There’s a lot of buzz these days around mobile operating systems. Apple recently announced the much anticipated upgrade of iOS 4 to 4.2 which now supports the iPad (yay!!!), and just today, financial advisory firm Jefferies upgraded its position on RIMM from Hold to Buy based upon the company’s new QNX based operating system. Obvisouly, Microsoft recently launched its new Windows Phone 7 platform (with a “massive” update rumored to be coming out in January). Not to be left out in the cold, HP recently launched webOS 2 and of course Nokia is working on Meego…oh ya, and Google is talking up Gingerbread, a.k.a., Android 2.3.
It’s a great time obviously to be in the mobility space, but as we here are solely focused on the enterprise perspectives, we also have to take all this excitement with a grain of salt.
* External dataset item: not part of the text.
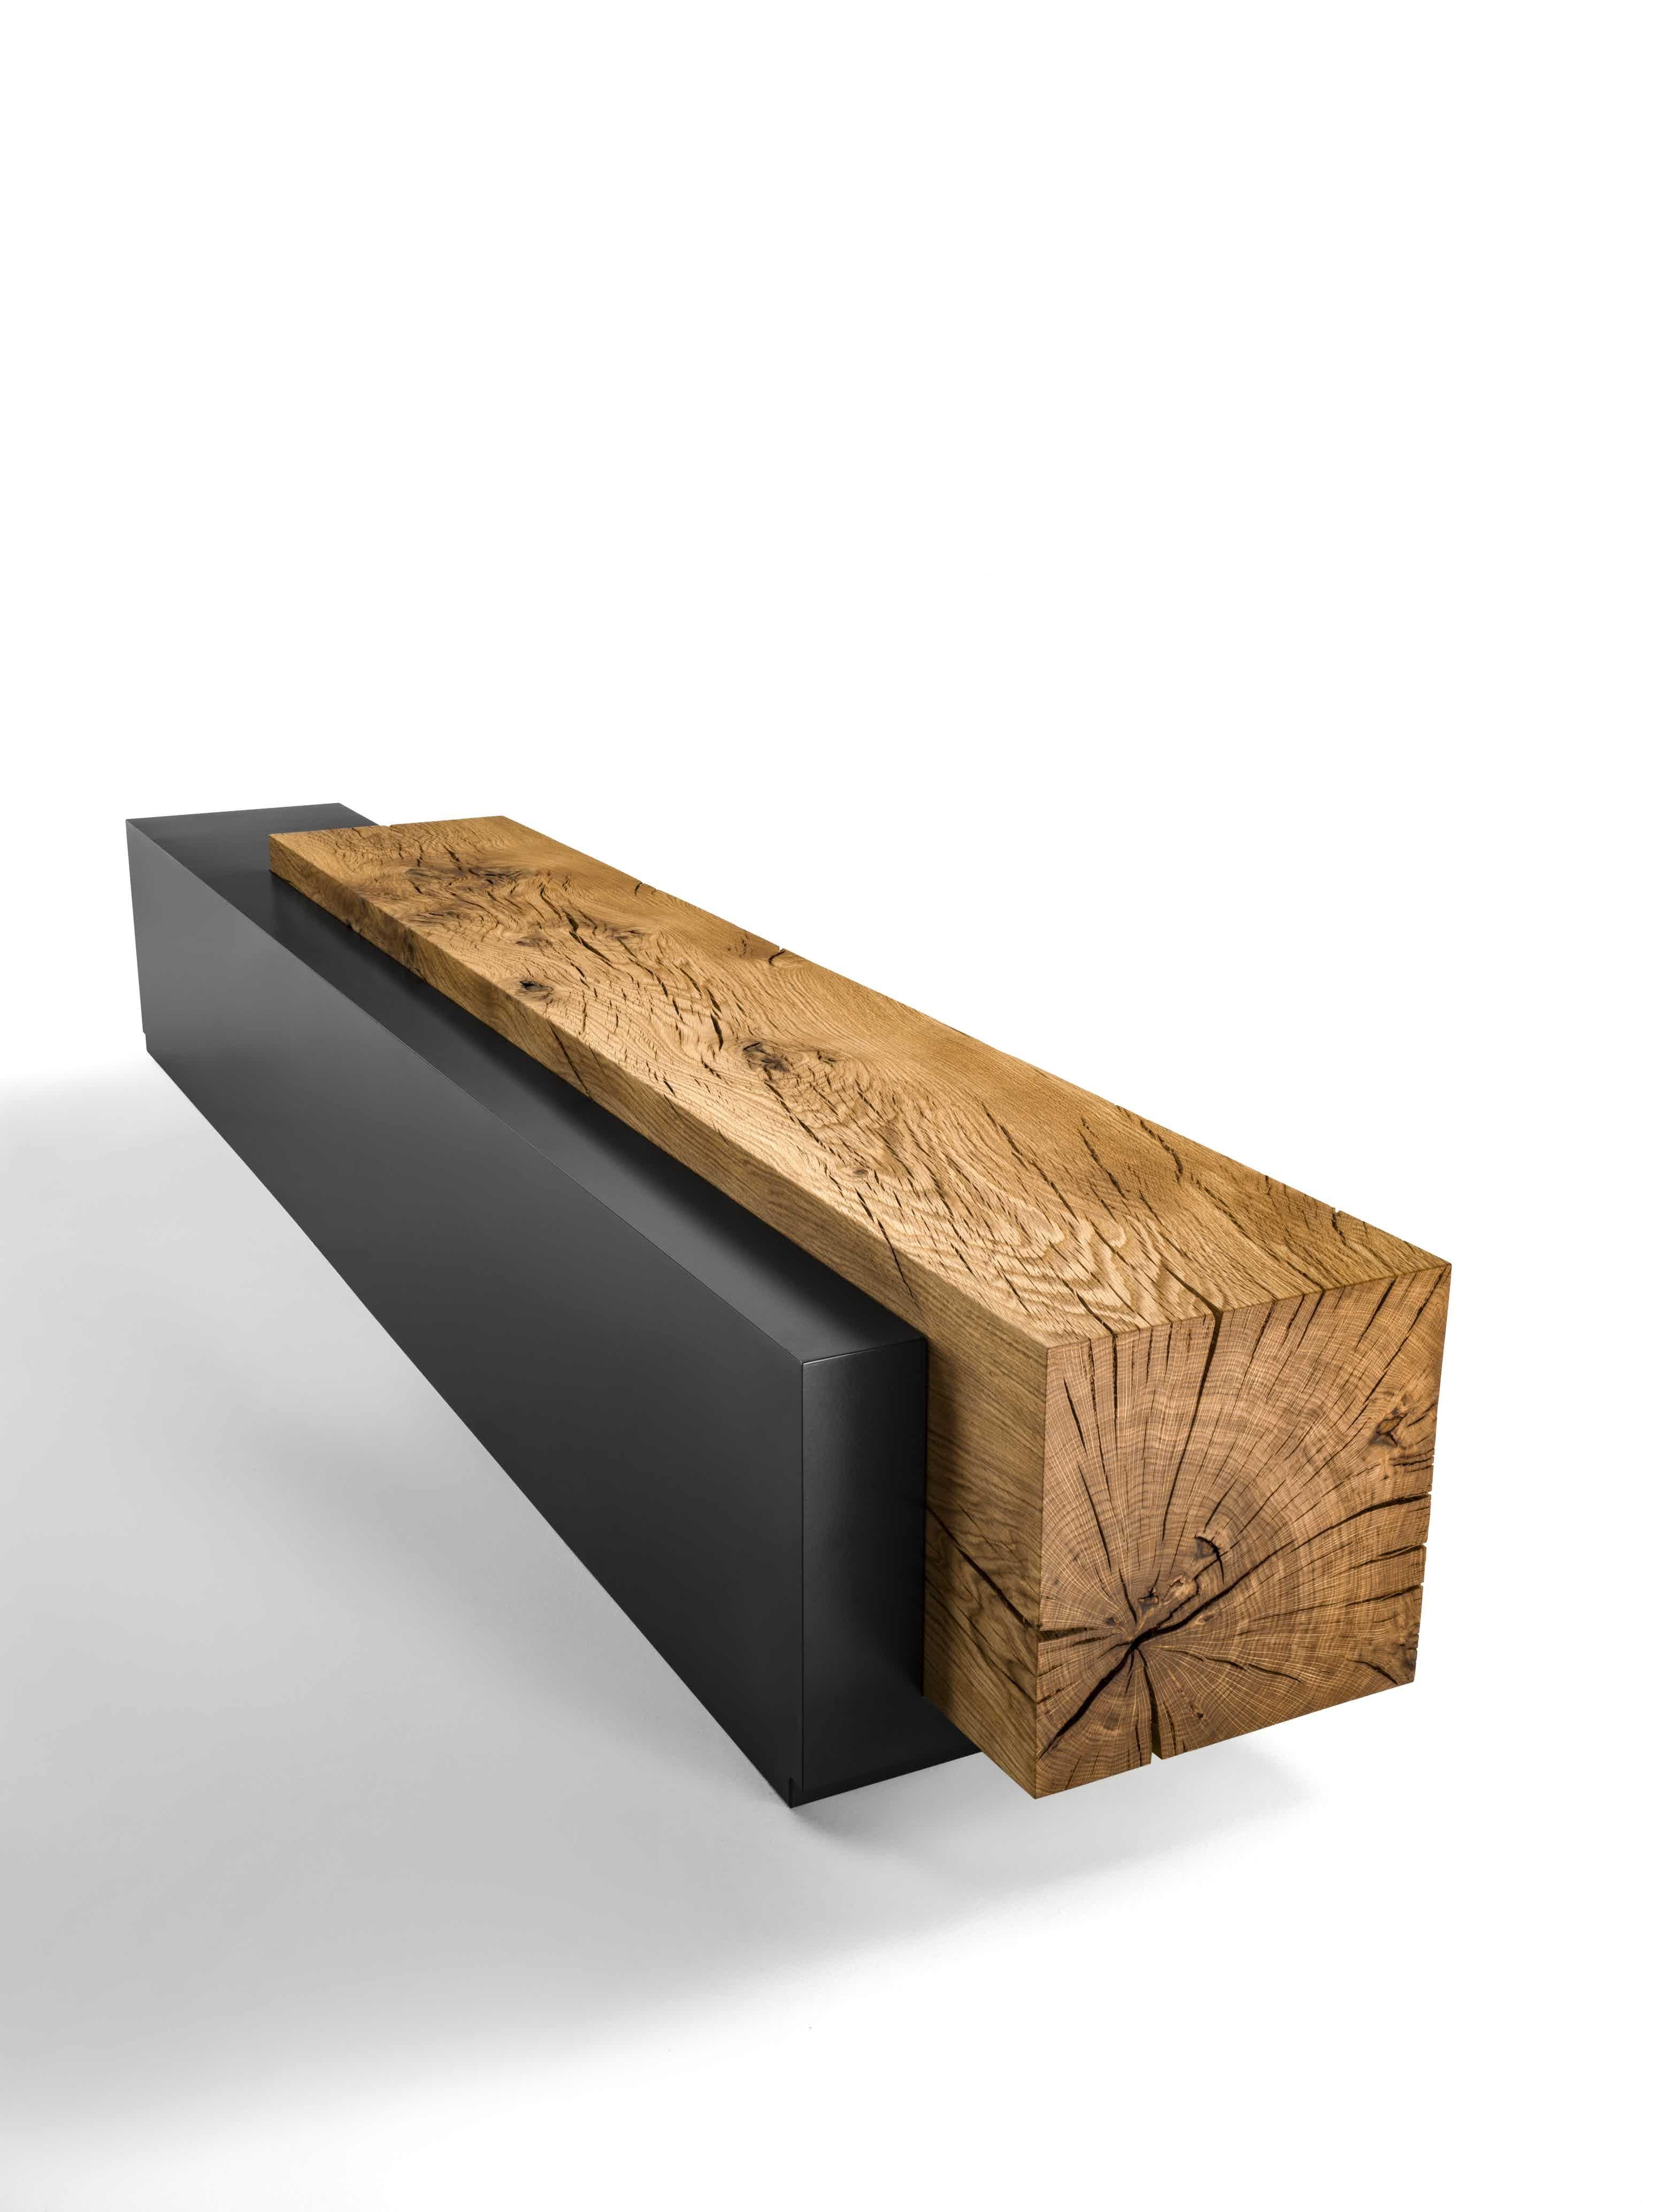 Riva 1920 Ombra Bench Side Haute Living Furniture Design Modern Contemporary Furniture Design Interior Design Blog [ 4136 x 3100 Pixel ]

Just the other day, I came across an article discussing a new-found vulnerability in ALL versions of Android that leaves the platform susceptible to data theft exploits. The short version of the exploit is that it can get access to the content of your SD card. Google is aware of the flaw and says that the problem will be fixed in Android 2.3. The problem here is that not all devices will get the 2.3 upgrade. Now there are a number of reasons why this may occur.
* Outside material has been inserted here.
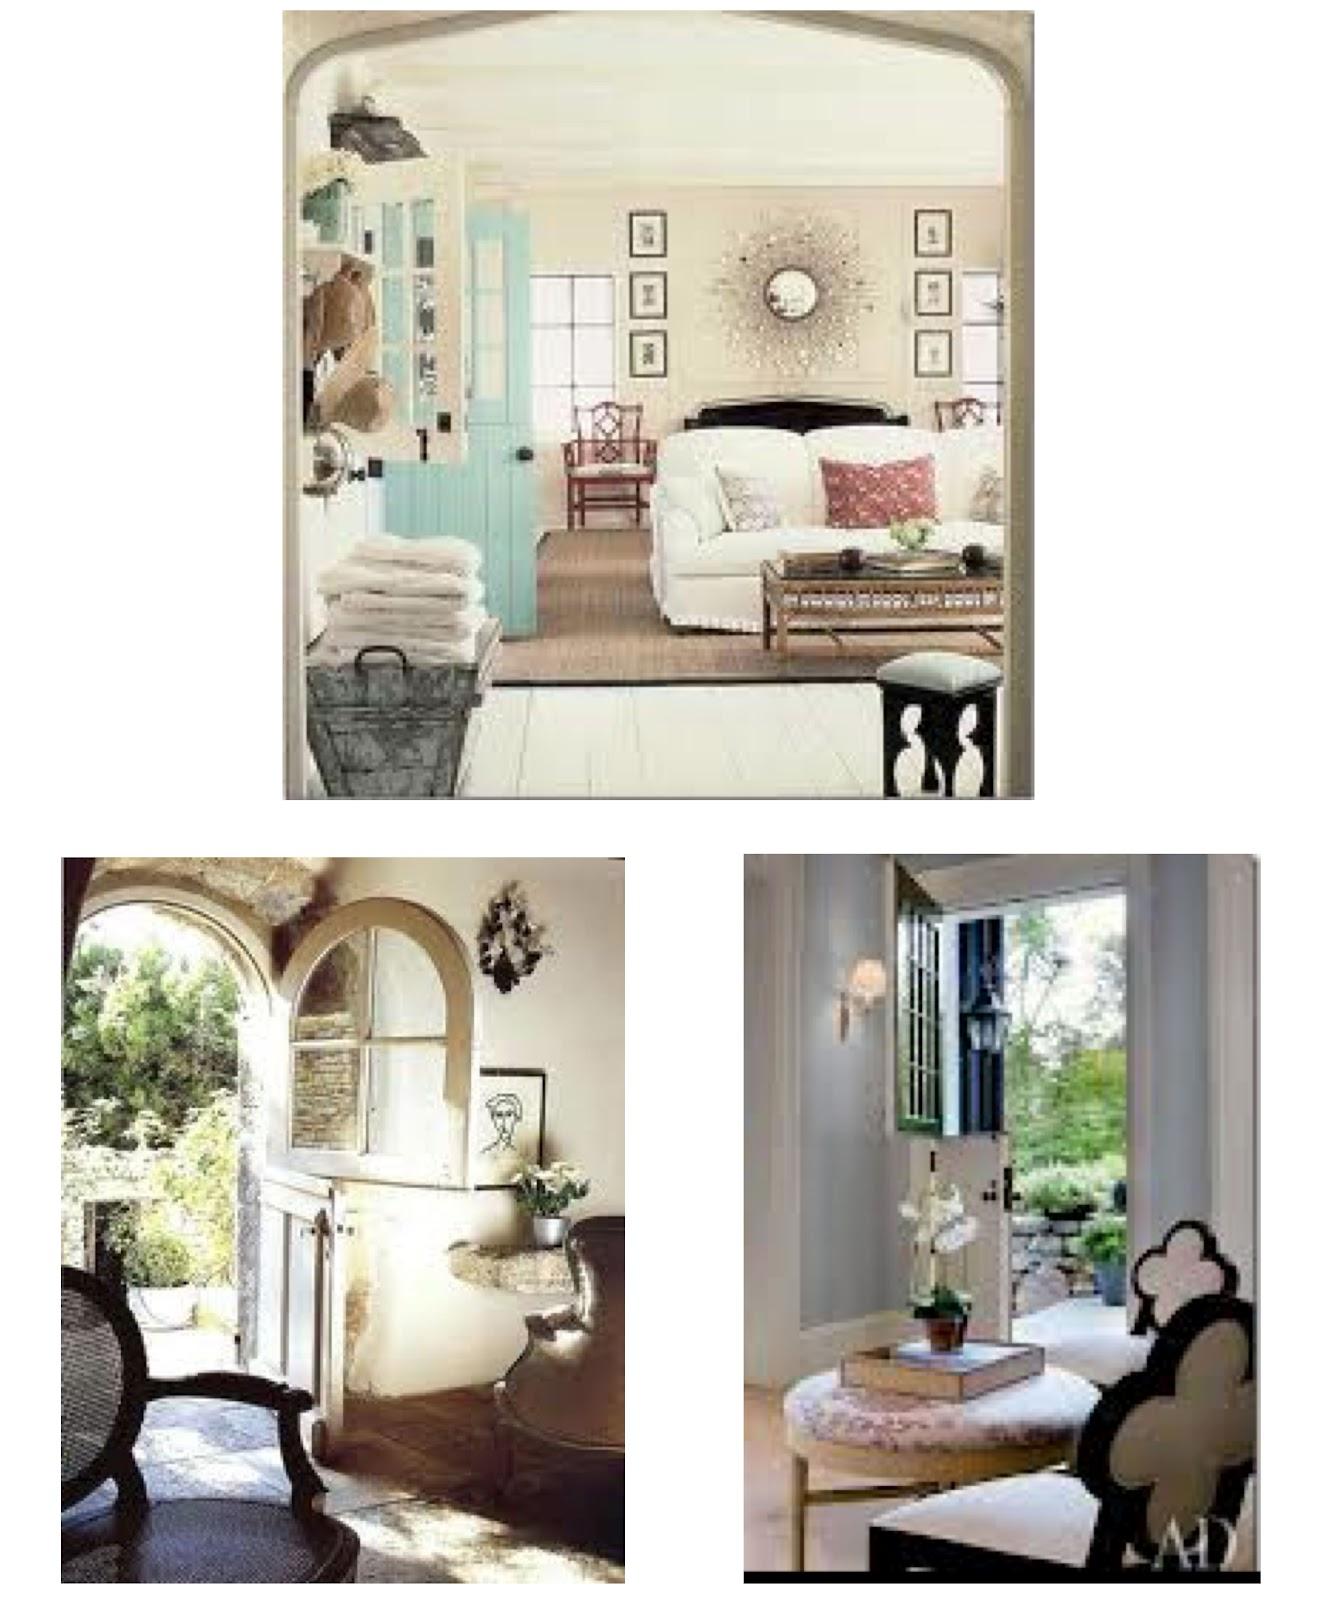 Designs by Rhonda: Front Door Friday!

- The device may not have sufficient HW specs to support 2.3
- It could be a low priority for the handset manufacturers to upgrade the handsets (they make no money off that)
- The carrier could also be dragging their heels in terms of testing…and oh ya, they make no money off new or extended contracts.
This is why I am increasingly of the mindset that mobile operating system upgrades should be left solely in the hands of the platform manufacturer. We are certainly comfortable with this process in both the desktop and mobile space. Microsoft regularly pushes out updates for the gazillion PCs out there, and Apple is obviously the one throat to choke with regards to iOS updates….so there is already a deep precedent for carriers to allow this as opposed to dragging their feet as they so often do.
But with the mobile OS comes another increasingly important link. The App Store. PC World published an article yesterday alleging that Apple banned an application for its store dedicated to Android. This is in obvious stark contrast to the basic free for all that is the Android store. Here are the closing statements of that article:
I believe Apple’s iPhone is rapidly becoming a niche device. Its restrictions are too numerous, its approach too condescending, and its choices too few to have the broad appeal it needs to succeed on a grander scale in the long run.
In short, Apple may always have its share of fans among consumers who don’t mind living in its “walled garden,” but there’s no way it can compete in the market as a whole with the diverse, compelling and powerful platform that is Android.
From an enterprise perspective, I agree somewhat with the first paragraph, but have strong objections to the second paragraph….by the way, I’ll argue that these comments apply just as much to the stores as to the operating system.
Android’s diversity is its Achilles’ heel. Enterprises want and need as much consistency as possible. If they can’t “win” on the multiple OS front, at the very least, throw them a bone and give them consistency within one operating system. Android lets the handset manufacturers and carriers do what they want, without forcing anything upon them…meaning upgrades are optional Apple (and webOS for that matter) is the exact opposite….our way or the highway. My sense is that there should be a middle ground in there somewhere. (BTW, I wonder how QNX will work on this front)
Is the best approach perhaps hence the Windows Phone 7 strategy where they do give partners limited (consumer centric) flexibility, but at the end of the day it is Microsoft that is taking ownership of the operating system updates. They are the one throat to choke. Sounds like a good plan (on paper at least) to me….especially for the enterprise. This could almost be a new twist on mPAAS – mobility Platform as a Service.